I want [my students] to begin thinking on their own as they move on from being students and enter the professional world. I want them to confidently formulate their own professional opinion.

Jill Ramaker, MScTRM capstone advisor

Quantifying the Unexpected

Having hired many students out of the program, Ramaker knows what skills signal a candidate’s potential to excel on the job. In particular, she cites two essential elements she likes to see—an ability to do budgets and a professional writing sample. 

“I like it when candidates come into an interview and they’re able confidently to say, ‘Yes, I can do a grant proposal. Yes, I can do a budget. And here’s my writing sample.’”

As an example of the type of writing, she suggests they might write an answer to a question like, “What is the return on investment for preparedness?” Ramaker calls it a really hard question with no good answer. And that is the point. 

“I want the applicants I go onto hire to have an ability to think on their own,” she says. “That’s critical as they transition from being students to the professional world. I want them to confidently formulate their own professional opinion. It doesn’t have to be right. There is frequently no right answer. We’ve all struggled with this type of question in emergency management. It’s very difficult even for the most senior professionals to quantify the financial investment for crisis preparedness when it’s impossible to know the outcome.”

Maximizing Investment in Your Career

In the end, Ramaker draws lessons from the steps she took after completing the Masters in Emergency Management program. She focuses in particular on how she was able to maximize what she learned for the benefit of her career. 
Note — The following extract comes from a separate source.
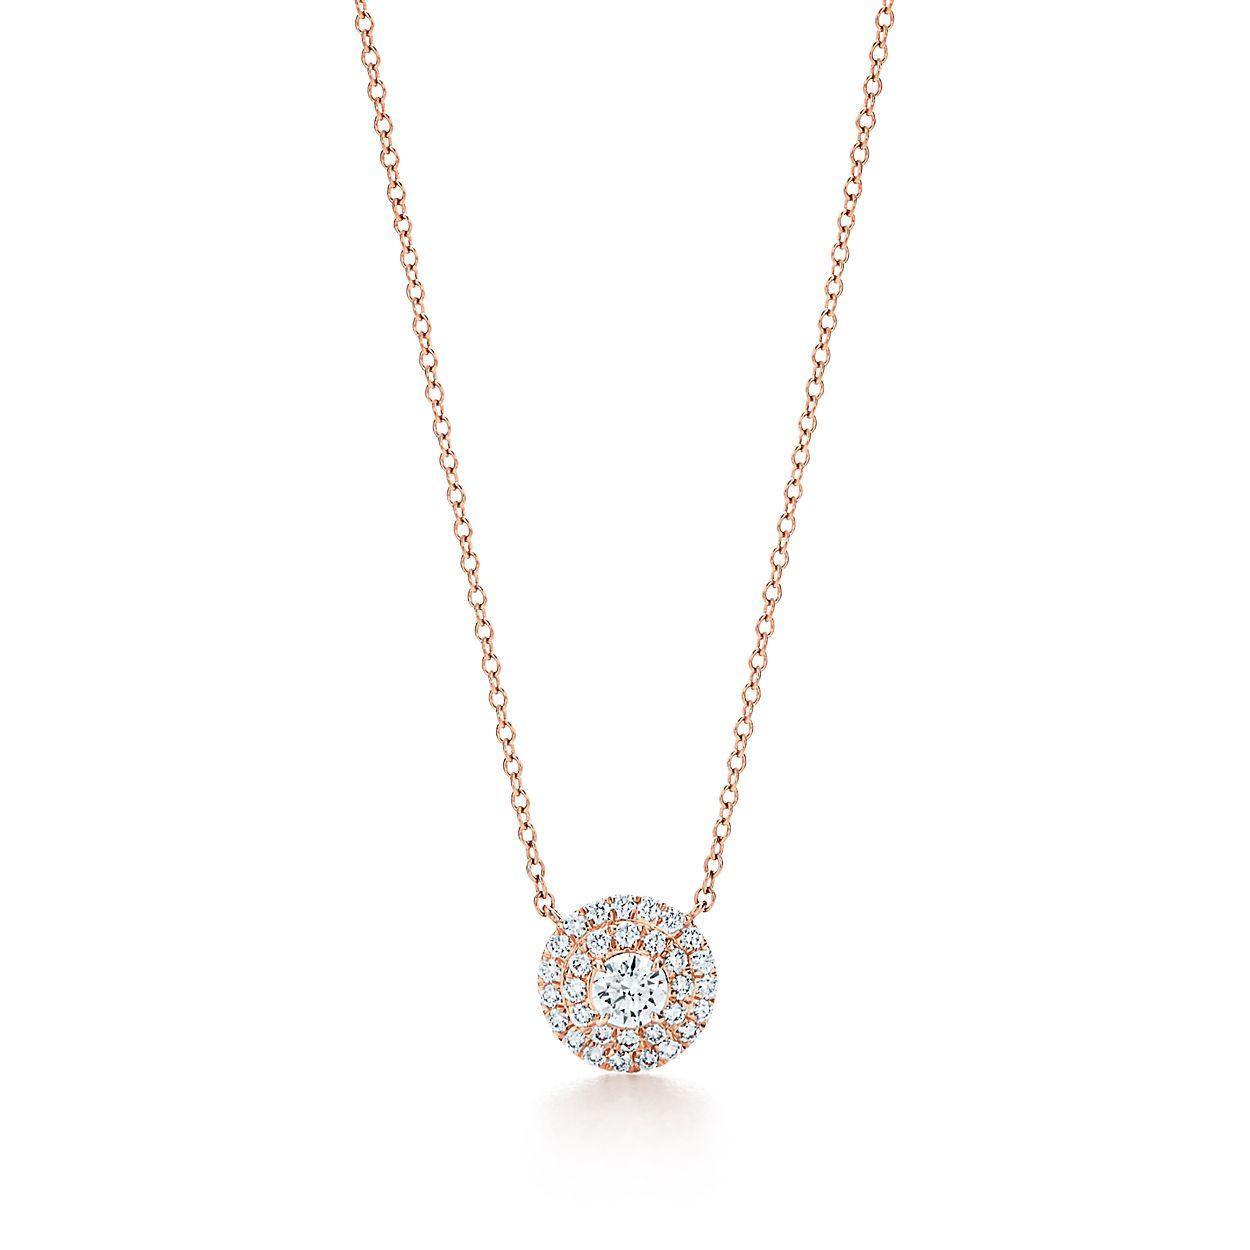 Pendentif Tiffany Soleste® en or rose 18 carats et diamants ... 8ab57095938b

“I call it ‘maximizing your investment in yourself,’” she says. “I took the time and money I invested in the program to take my career to the next level, because my career really took off after I graduated from the program. That’s what I’d share with students in the program today. I want to tell them that there’s still hard work ahead of them, but that there’s also great hope for a wonderful and successful career.”


The Graham School is no longer accepting applications to the Master of Science in Threat and Response Management program in Autumn 2024. The University will take this opportunity to consider future programming in the field.